Absolute quiet fell, broken only by the mechanical hum of the room. My brother sat frozen, pale, his tapping foot stilled. I reached out a trembling hand and gently closed Dad’s eyes, trying to smooth away the look of terror, but it felt like it was burned into my memory.
Later, outside, the hospital air felt cold despite the summer night. The city lights blurred through the car window as we drove. “What… what was that?” my brother finally choked out, his voice hollow.
“He was delirious,” I said, the words feeling inadequate and fake even as I spoke them. “It was the medication. The illness. People… people see things.”
“Sarah?” he asked, his voice low, hesitant.
“Yeah. Sarah.” We looked at each other in the dim car light. Could it have been delirium? Of course it could. It was the most logical explanation. But the fear… it felt too real. The way he pointed… the conviction in his voice… the look in his eyes… it wasn’t just confusion. It was pure, abject terror.
The doctor came back, nurses bustled in and out, procedures were followed. The sterile room returned to its cold, clinical reality, the shadow in the corner just a shadow again. But for us, the shadow felt like it had moved, settled into our minds.
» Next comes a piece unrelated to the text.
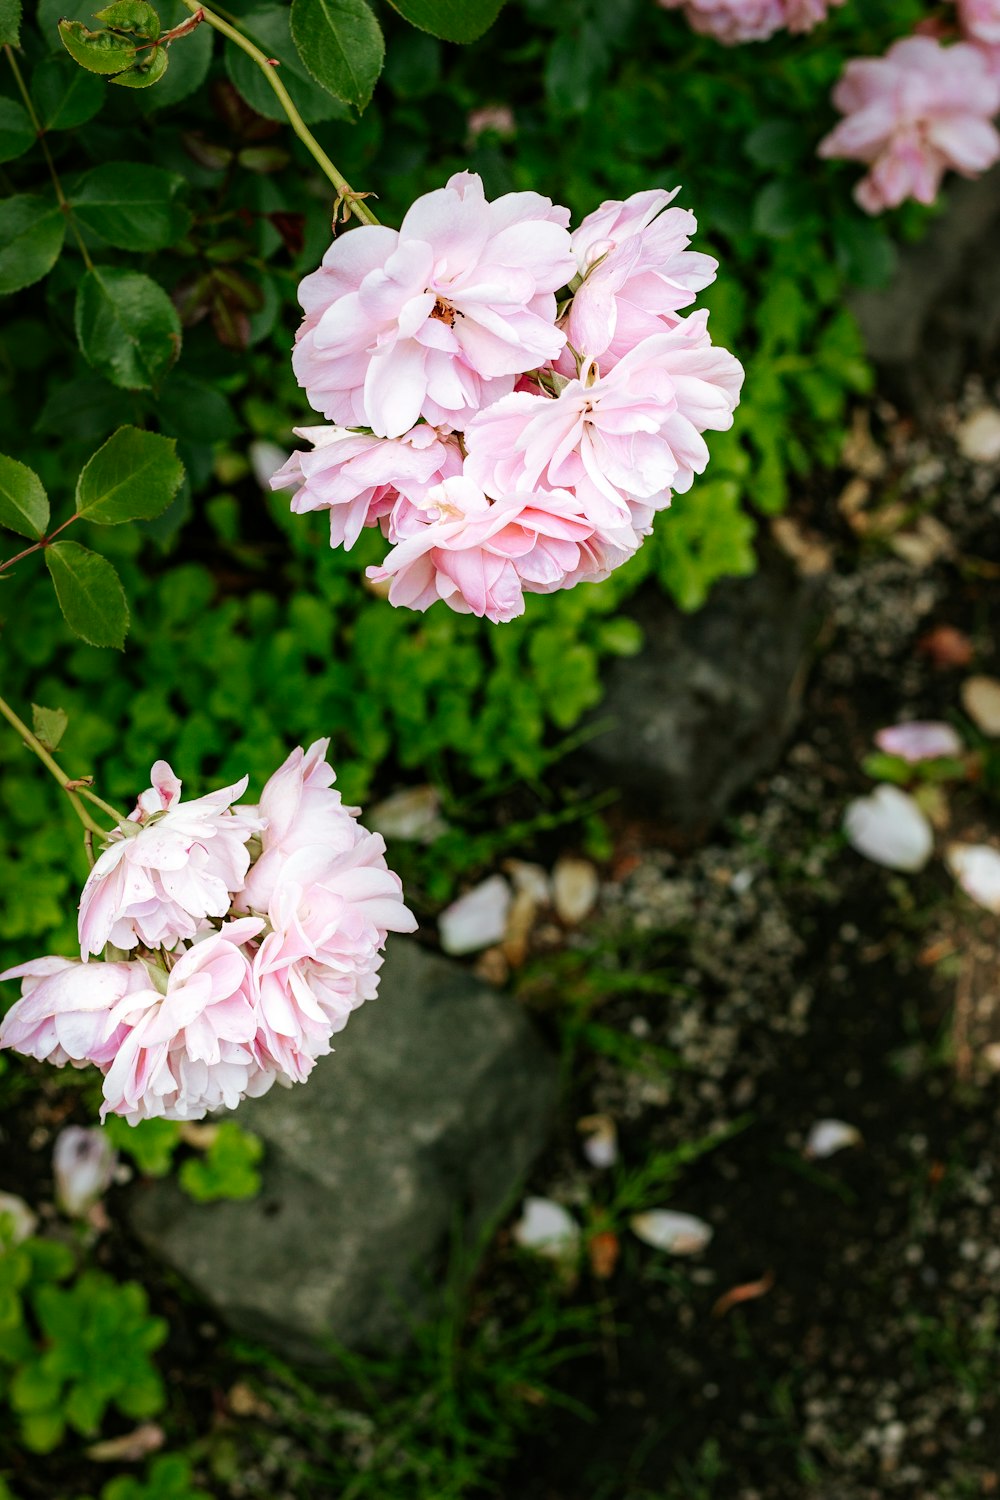 flores rosadas y blancas sobre hojas verdes

Driving home, all I could think about was Sarah, living her life miles away, unaware of our father’s final, terrifying warning. Was it just the ramblings of a dying man haunted by old memories or the effects of illness? Or was there something he knew, something he saw, that we couldn’t? The fear for her, a cold knot tightening in my stomach, felt suddenly, terrifyingly real. I knew I had to call her. Not to scare her, not to tell her about the ‘they,’ but just to hear her voice. To remind her to be careful. To tell her I loved her. Because the image of my father’s eyes, wide with terror and fixed on that empty corner, whispering “Don’t let them get her,” was an image I knew would haunt me forever, a silent, chilling legacy that whispered doubt into the most rational corners of my mind.